Ashraf leaned against the dusty wall of a record shop on Talaat Harb Street, Walkman headphones around his neck, the low hum of Fairuz barely audible. His backpack bulged with bootleg cassettes—Umm Kulthum, Boney M, and, tucked behind the rest, Pink Floyd’s The Wall.

 

A man in a frayed suit stopped at his corner. “You have Western?”

 

Ashraf gestured for the man to wait whilst rifling through the plastic cases and handing him a couple.

 

The man held them, fan like, in his large hands, squinting. “Do you even know what this means?” His tilted his chin upward.

 

Ashraf shrugged. “It’s about walls. Inside. Outside. Not fitting in.”

 

He returned the next week. And the next. Brought books wrapped in newspaper—The Outsider, Children of the Alley, Giovanni’s Room. “Read,” he’d say. “And don’t just swallow. Chew.”

 

They read on a rooftop above the Walaa koshary shop, surrounded by laundry lines, the adhan oozing from distant speakers. A haze of smoke between them – cigarettes and something older.  The man spoke of silences heavier than speeches, of things better hidden in margins than spoken aloud.

 

Then one Thursday, he didn’t show. Friday passed. Then a week.

 

Ashraf asked no one. You don’t ask in Cairo when someone disappears.

 

Instead, he began recording. Not songs, but life sounds. Street noise, calls to prayer, laughter, clattering crockery, the passing chant of protesters.  Over it, his own voice reading lines from the man’s books. Memory on tape.

 

He slid the first cassette across a café table to a stranger with the same worn look. Said nothing. Just nodded.

 

Later that night, on the rooftop, Ashraf pressed play.

 

Static. Then:

 

“Freedom is not a gift. It’s a quiet refusal.
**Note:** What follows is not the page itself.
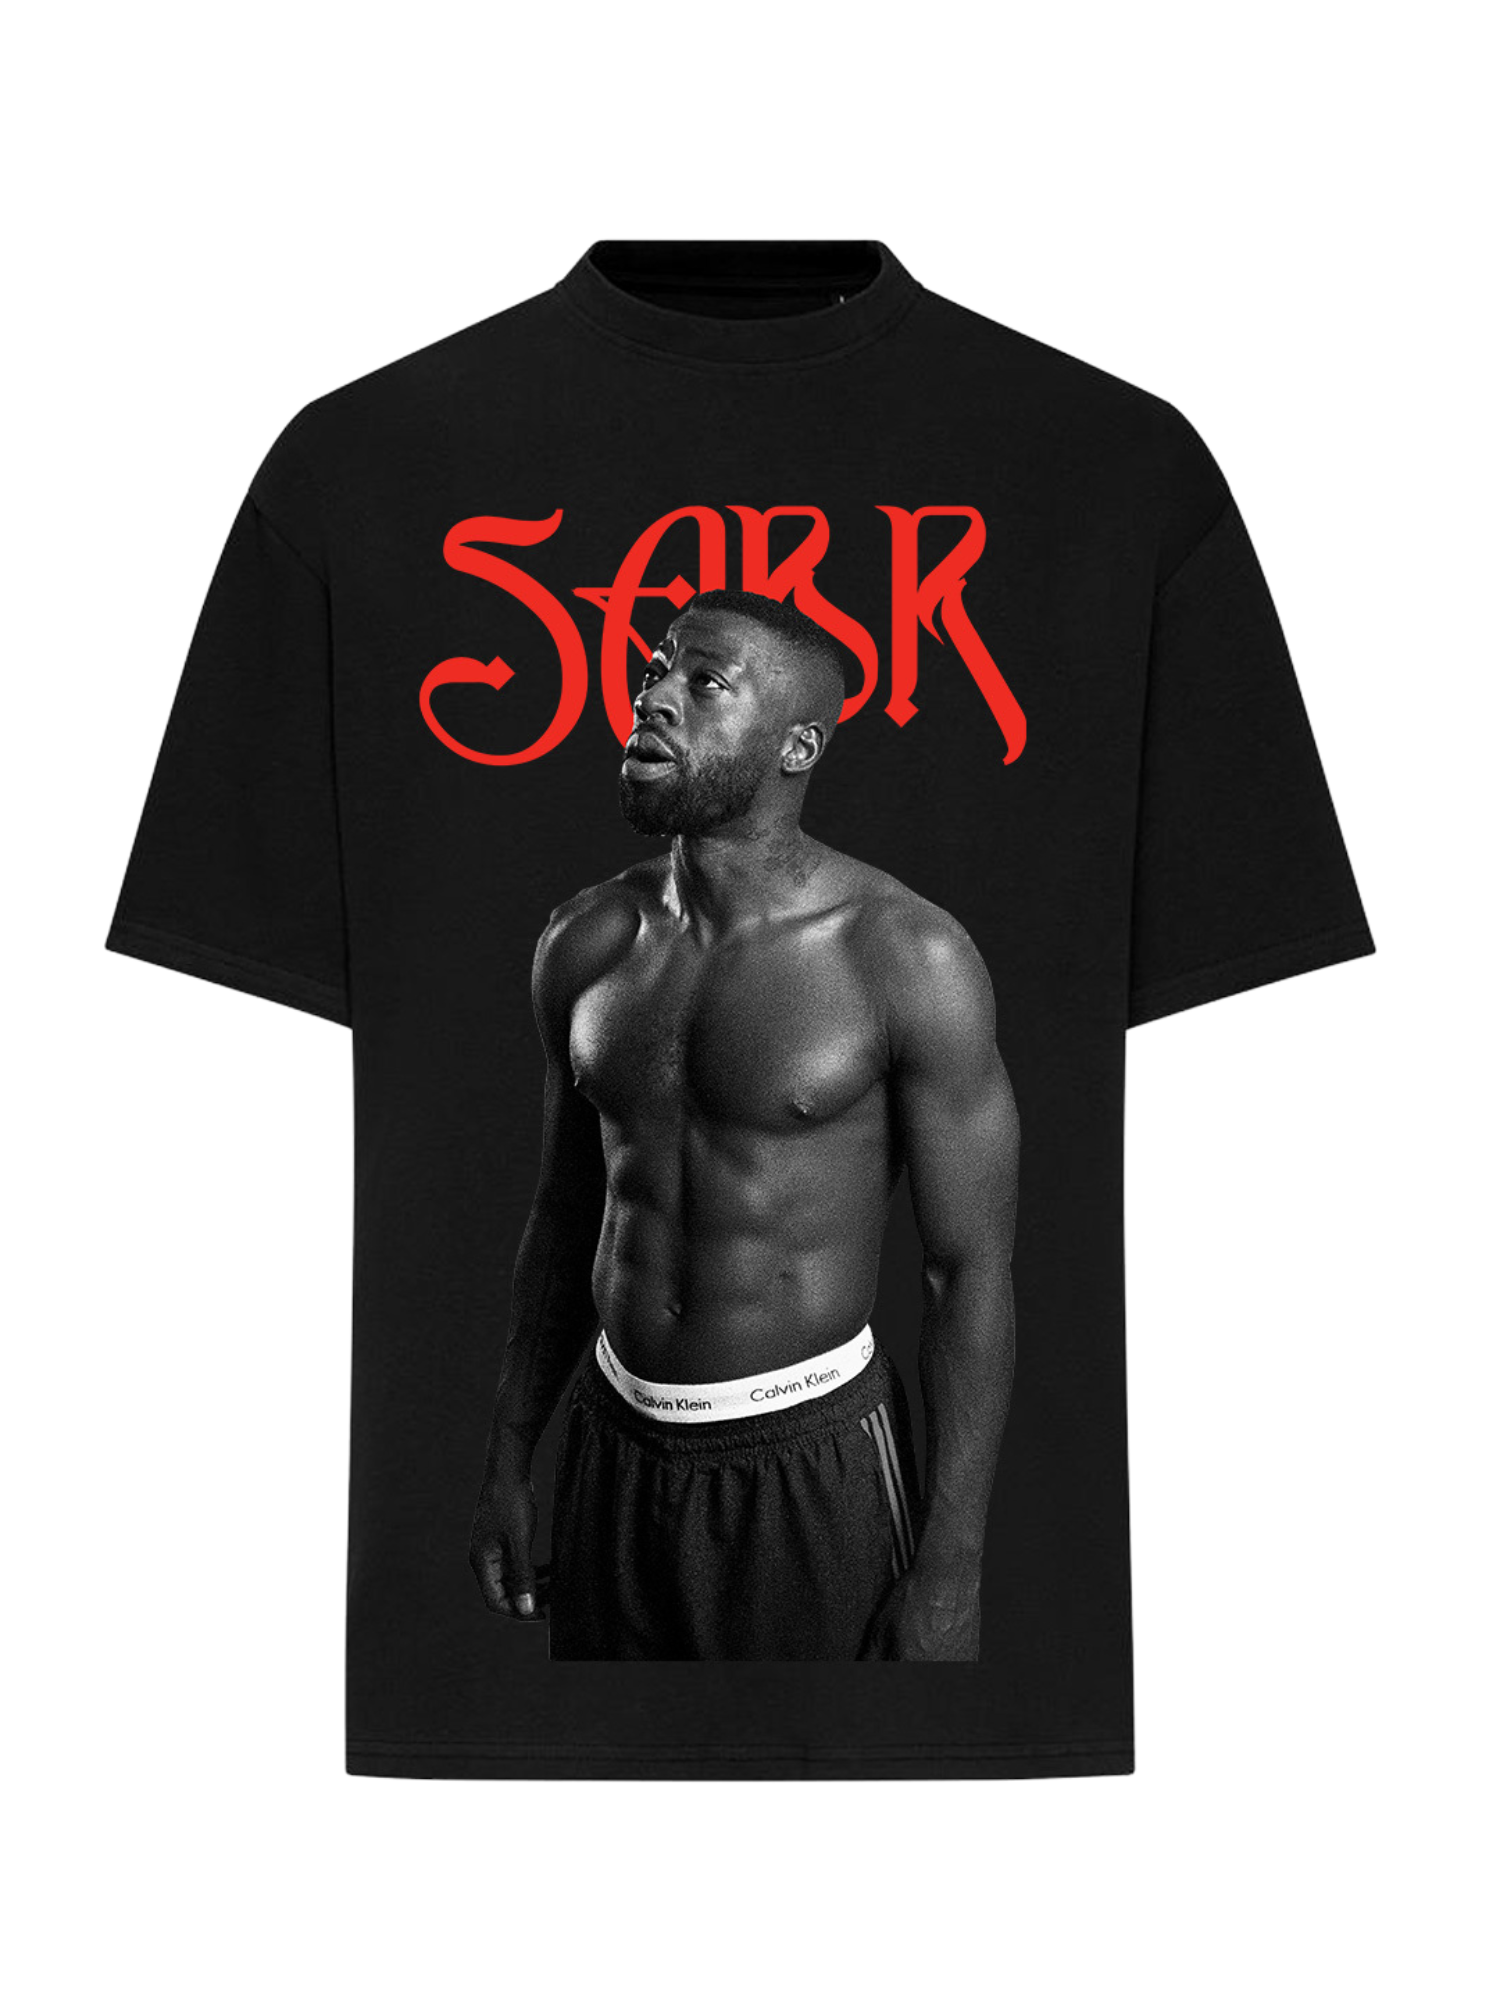 Santa - Sabr T-Shirt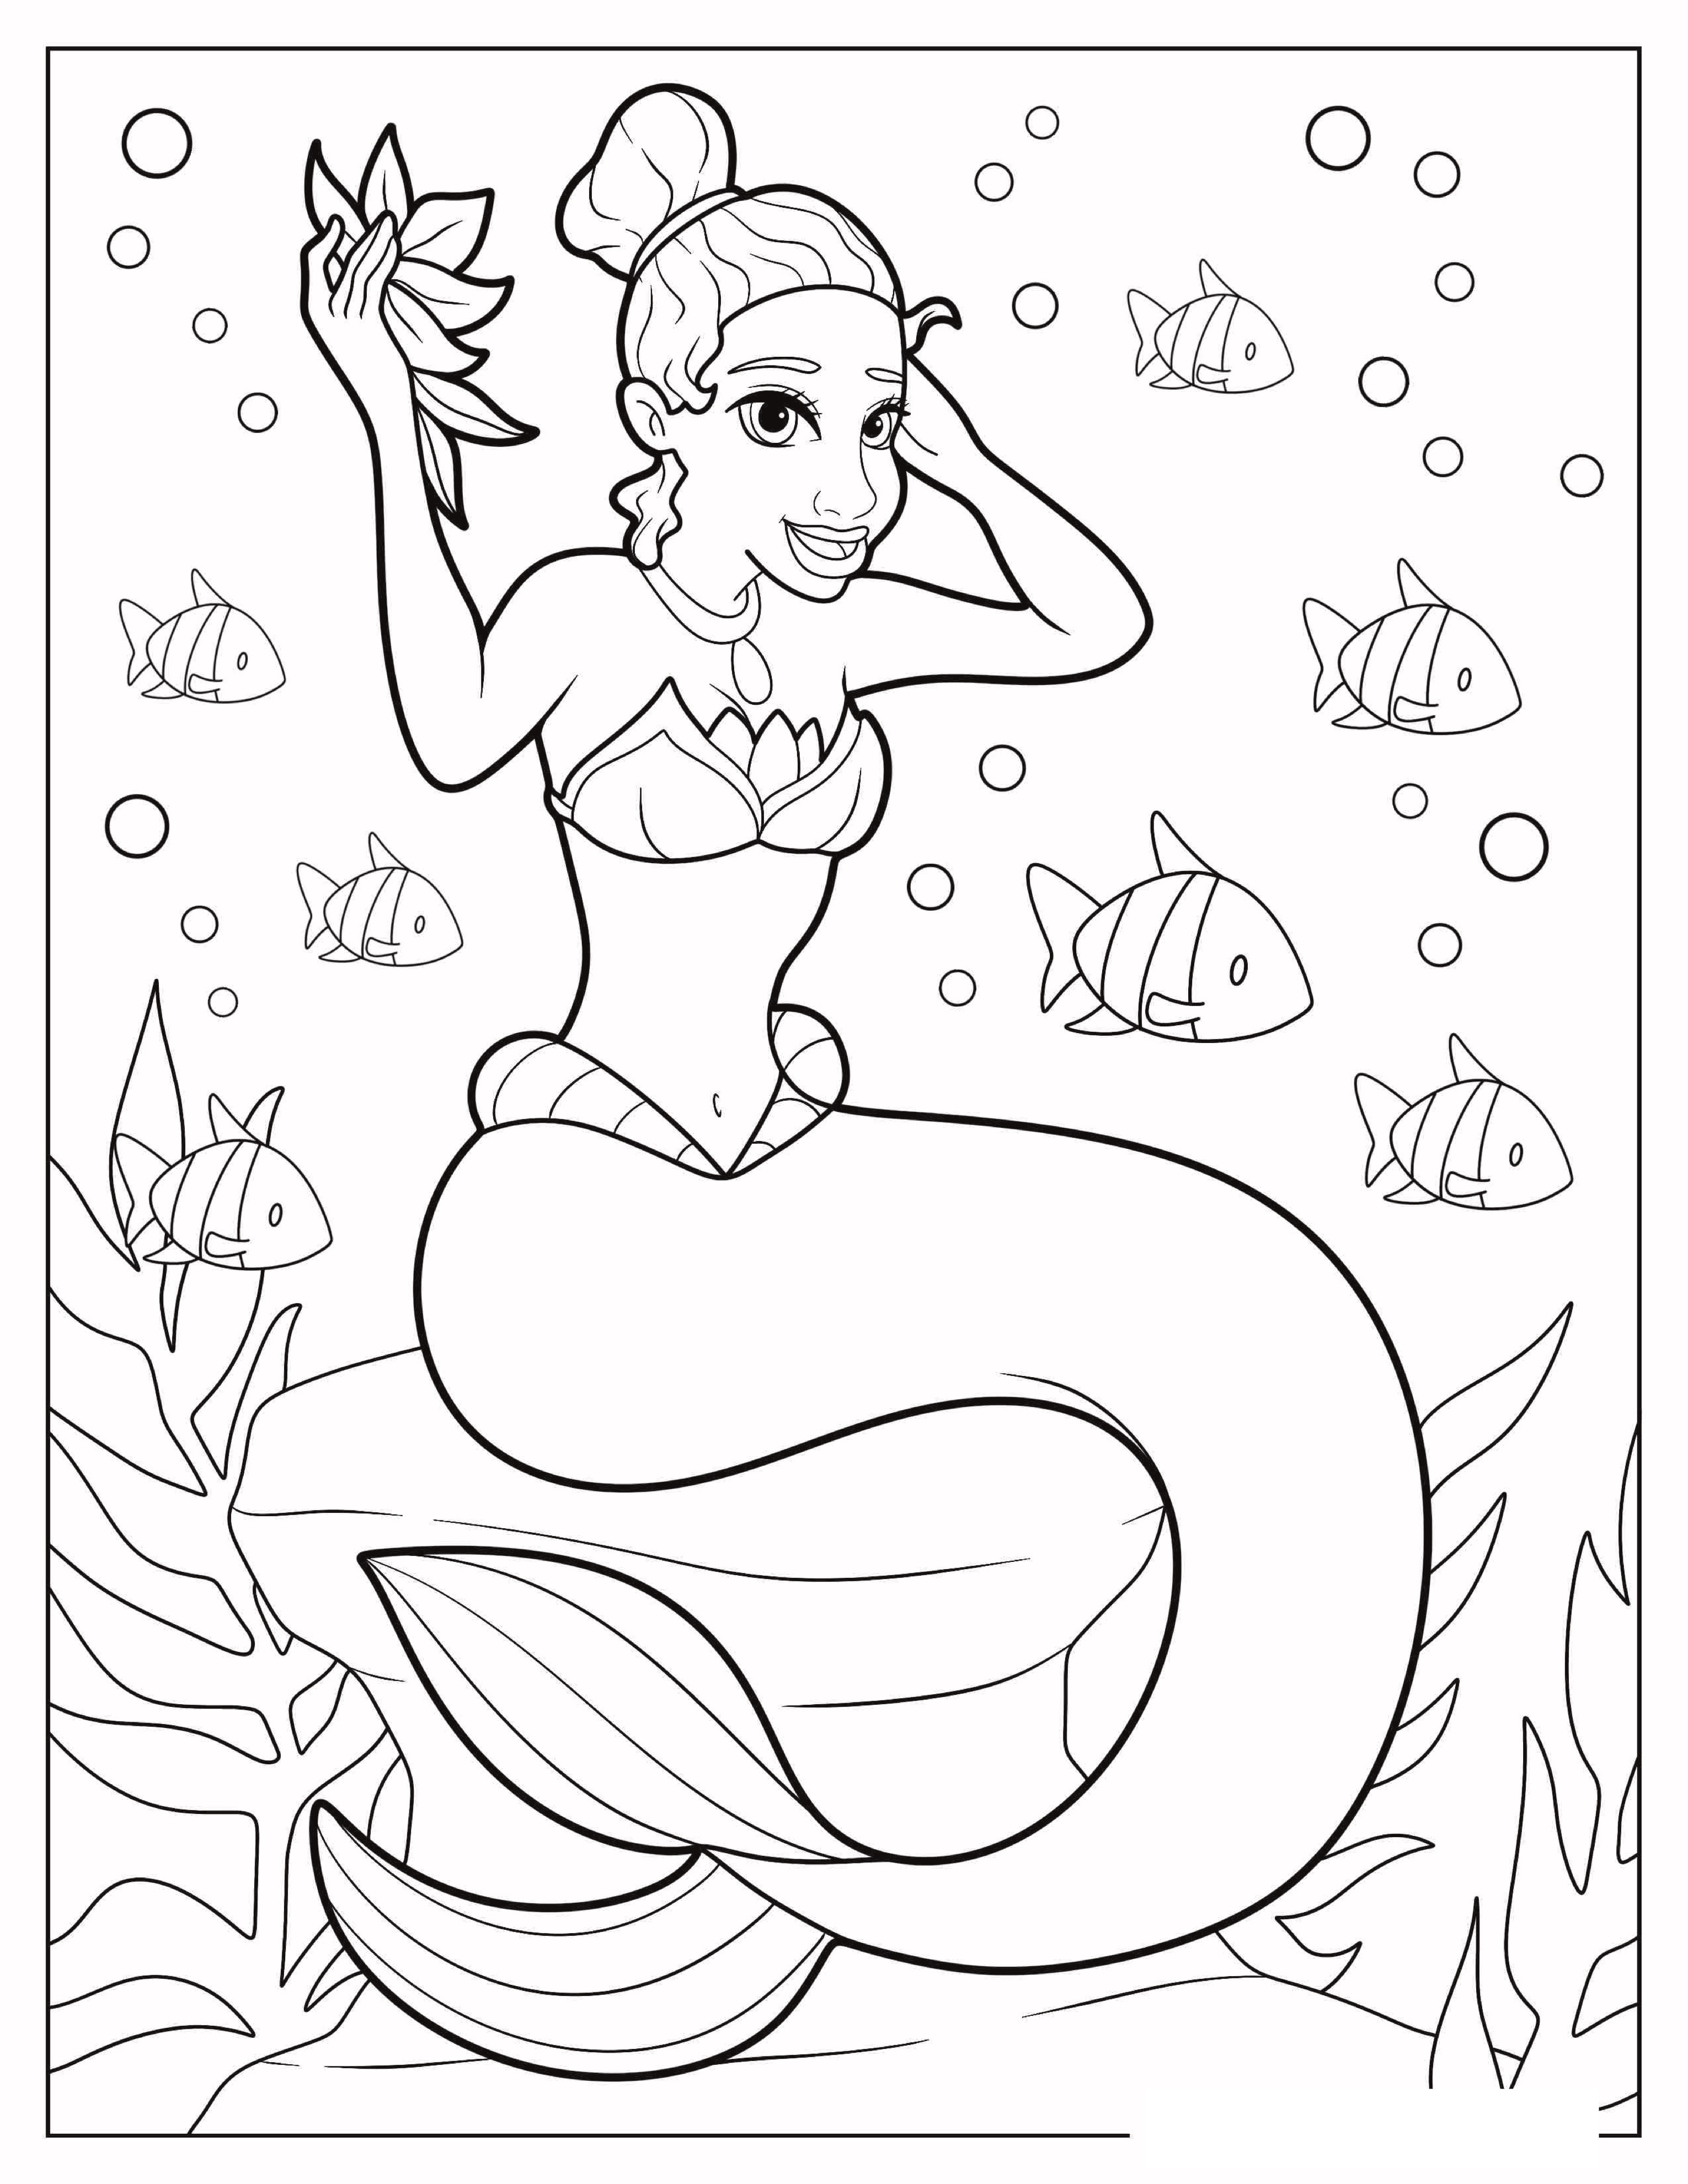 Mermaid-Princess-Tiana-Coloring-Page.jpg

Listen carefully.”

 

He did.

 

And so did others.

 

 


 

 

Amy Photiou is a Hospital Tobacco Cessation Practitioner with a strong interest in health psychology.  Amy is based in Norwich and enjoys writing short fiction. 

 

www.linkedin.com/in/amy-photiou

 

Image – FFF

 

Enjoyed reading this flash fiction? Like the artwork? Why not buy the author or the artist a coffee or a beer? Donate here

 

 

*

Posted in
Tags:

5 thoughts on “Competition Twenty-Eight Winning Flash Fiction: Cassettes and Cigarette Smoke”

  1. This is filled with wonderful visual and oral imagery. It left me with a warm appreciation of books and music and the freedom they bring, as well as the quiet power they hold.

  2. Amy thanks. I enjoyed the way you quickly created a sense of mystery, tension and suspense, along with the idea that the truth is hiding in plain site.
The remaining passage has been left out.